THE PROBLEM: Repeat the entries exactly as they are written.

RECORDS PROVIDED:
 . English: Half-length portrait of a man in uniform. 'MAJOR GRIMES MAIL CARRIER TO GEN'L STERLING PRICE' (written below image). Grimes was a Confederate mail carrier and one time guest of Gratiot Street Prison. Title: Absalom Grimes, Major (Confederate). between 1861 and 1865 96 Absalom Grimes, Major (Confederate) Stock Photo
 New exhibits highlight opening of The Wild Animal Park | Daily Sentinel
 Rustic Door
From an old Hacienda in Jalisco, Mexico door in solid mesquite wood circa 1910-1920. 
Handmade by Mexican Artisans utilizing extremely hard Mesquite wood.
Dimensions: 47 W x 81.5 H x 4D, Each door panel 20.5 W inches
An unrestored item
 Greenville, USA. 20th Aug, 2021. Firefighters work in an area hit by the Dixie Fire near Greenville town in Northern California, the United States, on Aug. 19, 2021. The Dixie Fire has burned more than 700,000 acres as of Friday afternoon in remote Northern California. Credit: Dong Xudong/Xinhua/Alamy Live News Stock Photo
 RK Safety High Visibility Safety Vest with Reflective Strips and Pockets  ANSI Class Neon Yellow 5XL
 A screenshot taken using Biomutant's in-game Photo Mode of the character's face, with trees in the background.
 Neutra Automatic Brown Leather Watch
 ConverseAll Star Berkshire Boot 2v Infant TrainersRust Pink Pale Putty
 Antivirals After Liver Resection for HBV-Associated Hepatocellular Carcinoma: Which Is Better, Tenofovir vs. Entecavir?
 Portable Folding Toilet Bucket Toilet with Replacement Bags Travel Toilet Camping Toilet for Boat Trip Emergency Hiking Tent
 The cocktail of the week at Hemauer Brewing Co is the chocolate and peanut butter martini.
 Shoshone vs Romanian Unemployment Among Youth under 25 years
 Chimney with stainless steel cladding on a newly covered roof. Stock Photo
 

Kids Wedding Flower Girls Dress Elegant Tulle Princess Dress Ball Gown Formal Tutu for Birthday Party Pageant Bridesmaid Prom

ANSWER TO THIS EXERCISE:
 . English: Half-length portrait of a man in uniform. 'MAJOR GRIMES MAIL CARRIER TO GEN'L STERLING PRICE' (written below image). Grimes was a Confederate mail carrier and one time guest of Gratiot Street Prison. Title: Absalom Grimes, Major (Confederate). between 1861 and 1865 96 Absalom Grimes, Major (Confederate) Stock Photo
 New exhibits highlight opening of The Wild Animal Park | Daily Sentinel
 Rustic Door
From an old Hacienda in Jalisco, Mexico door in solid mesquite wood circa 1910-1920. 
Handmade by Mexican Artisans utilizing extremely hard Mesquite wood.
Dimensions: 47 W x 81.5 H x 4D, Each door panel 20.5 W inches
An unrestored item
 Greenville, USA. 20th Aug, 2021. Firefighters work in an area hit by the Dixie Fire near Greenville town in Northern California, the United States, on Aug. 19, 2021. The Dixie Fire has burned more than 700,000 acres as of Friday afternoon in remote Northern California. Credit: Dong Xudong/Xinhua/Alamy Live News Stock Photo
 RK Safety High Visibility Safety Vest with Reflective Strips and Pockets  ANSI Class Neon Yellow 5XL
 A screenshot taken using Biomutant's in-game Photo Mode of the character's face, with trees in the background.
 Neutra Automatic Brown Leather Watch
 ConverseAll Star Berkshire Boot 2v Infant TrainersRust Pink Pale Putty
 Antivirals After Liver Resection for HBV-Associated Hepatocellular Carcinoma: Which Is Better, Tenofovir vs. Entecavir?
 Portable Folding Toilet Bucket Toilet with Replacement Bags Travel Toilet Camping Toilet for Boat Trip Emergency Hiking Tent
 The cocktail of the week at Hemauer Brewing Co is the chocolate and peanut butter martini.
 Shoshone vs Romanian Unemployment Among Youth under 25 years
 Chimney with stainless steel cladding on a newly covered roof. Stock Photo
 

Kids Wedding Flower Girls Dress Elegant Tulle Princess Dress Ball Gown Formal Tutu for Birthday Party Pageant Bridesmaid Prom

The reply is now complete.